Voodoo floss wrapped right above and below the knee and doing like 10-20 body weight squats during warm up helps me. Foam rolling the quads, keeping my knees nice and warm with some neoprene sleeves helps big time. I run some Artic balm from Elite FIS on my knees before hand. All this helps mitigate the knee pain I have experienced while on accutane. Same exact sorta pain you describe.


----------



## T_smith (Jul 27, 2014)

Widehips is right. I had a similar issue and went to a physical therapist. My quads we're a lot bigger and stronger then my hamstrings at the time. I did a lot of quad stretches and worked on strengthening my hamstrings to be equal with my quads and I saw a huge improvement.


----------



## heavydeads83 (Jul 27, 2014)

No issues with my quads being dominant.  hamstrings and glutes are pretty big as well.  this has happened one other time and I just didn't squat for a few weeks which isn't really an option considering my next meet is on september 6th.  Azog,  idk what voodoo floss is.  I wrap my knees when I get up to 405 on the bar.  in the mean time i guess i'll keep icing them and just trying to warm up a little better.  may have to cut the squats a little high for a couple of weeks or something.


----------



## DieYoungStrong (Jul 27, 2014)

You need to look up the floss.
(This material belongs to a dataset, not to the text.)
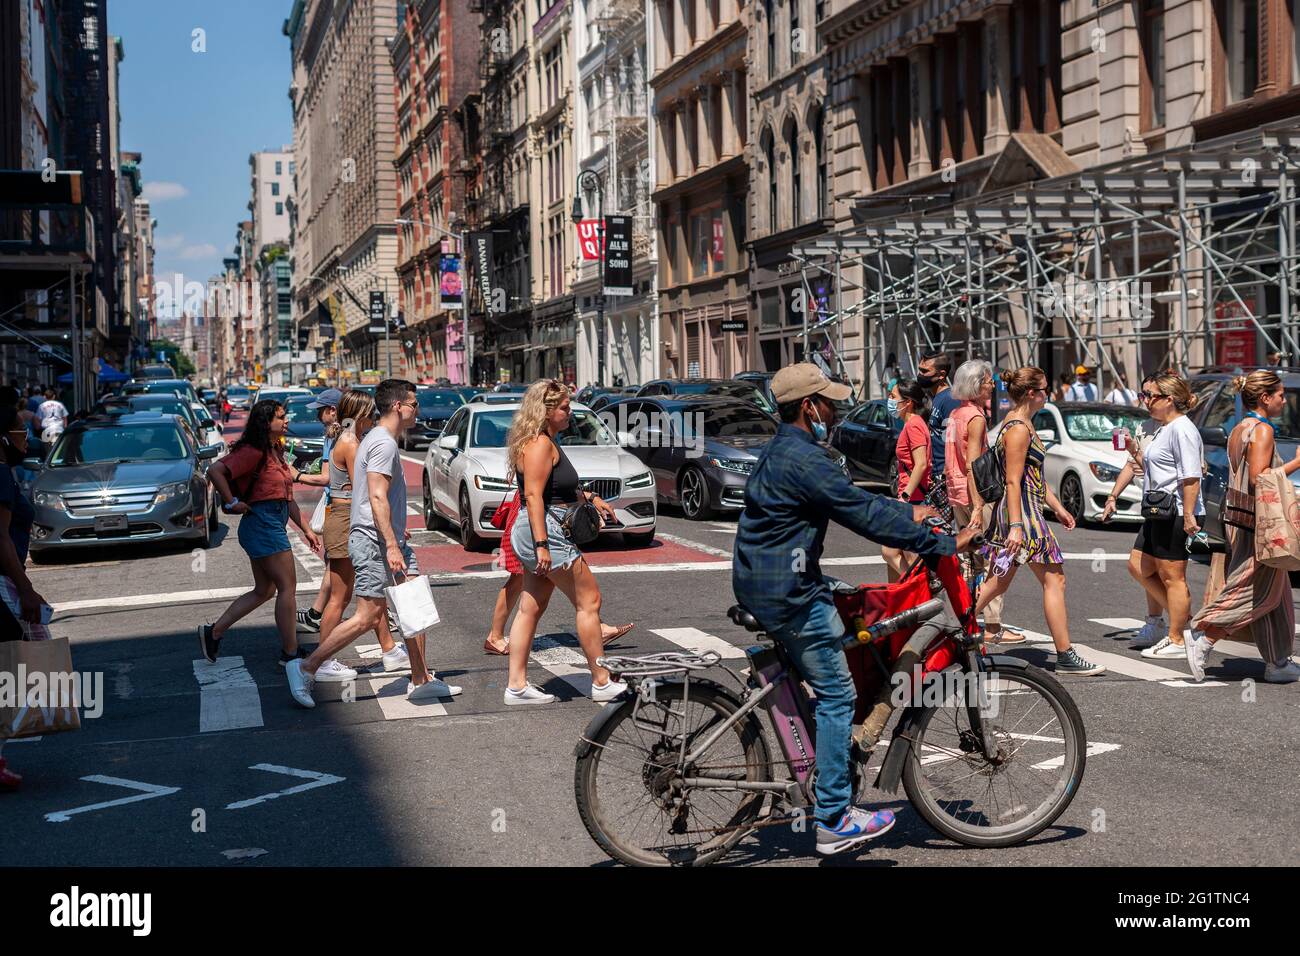 New York, USA. 06th June, 2021. Shoppers in the Soho neighborhood in New York on Sunday, June 6, 2021. New York has relaxed mask mandates allowing most outdoor activities to be mask free as well as many indoor settings, with caveats. (ÂPhoto by Richard B. Levine) Credit: Sipa USA/Alamy Live News Stock Photo

I deal with patella tendinitis off and on. 

Really foam roll the shit out of your entire leg. Especially quads, it bands and calves. 

Light squats really help. My buddy is a pt and he says when people get it bad enough to see a pt, he has them do negatives to pins and then replaces the bar for them.


----------



## Trauma RN (Jul 27, 2014)

I can squat 275lb, and my right knee did the same thing last month. I almost cried. I took some Motrin and wrapped the heck out of my knee with that tape. It really did help. I couldnt squat or leg press for about 2 weeks. The only thing I could do was leg extentions without any issues.....I tried the sleeve put I couldnt really bend the knee with it.


----------



## IWannaGetBig (Jul 28, 2014)

Azog said:


> neoprene sleeves



Azog,

Considering getting sleeves for my elbow..would you recommend one over another?


----------



## Azog (Jul 28, 2014)

IWannaGetBig said:


> Azog,
> 
> Considering getting sleeves for my elbow..would you recommend one over another?



I use Rehband knee sleeves. Not sure about elbow sleeves. The knee sleeves are great. So, I assume their elbow sleeves would be good too (if they make them).


----------



## PillarofBalance (Jul 28, 2014)

Ditto on rheband. Top notch


----------



## Joliver (Jul 28, 2014)

You may want to take a break from the squats for a few weeks and move to box squats and focus on getting the leg to perpendicular--knee above the ankle when on the box, or even slightly behind.  Inzer knee sleeves are more convenient than wraps and are about as good as a moderate wrap. I recommend the inzer knee sleeves because they are stronger than most sleeves, but you can adjust them easily and will wear them more consistently than a wrap.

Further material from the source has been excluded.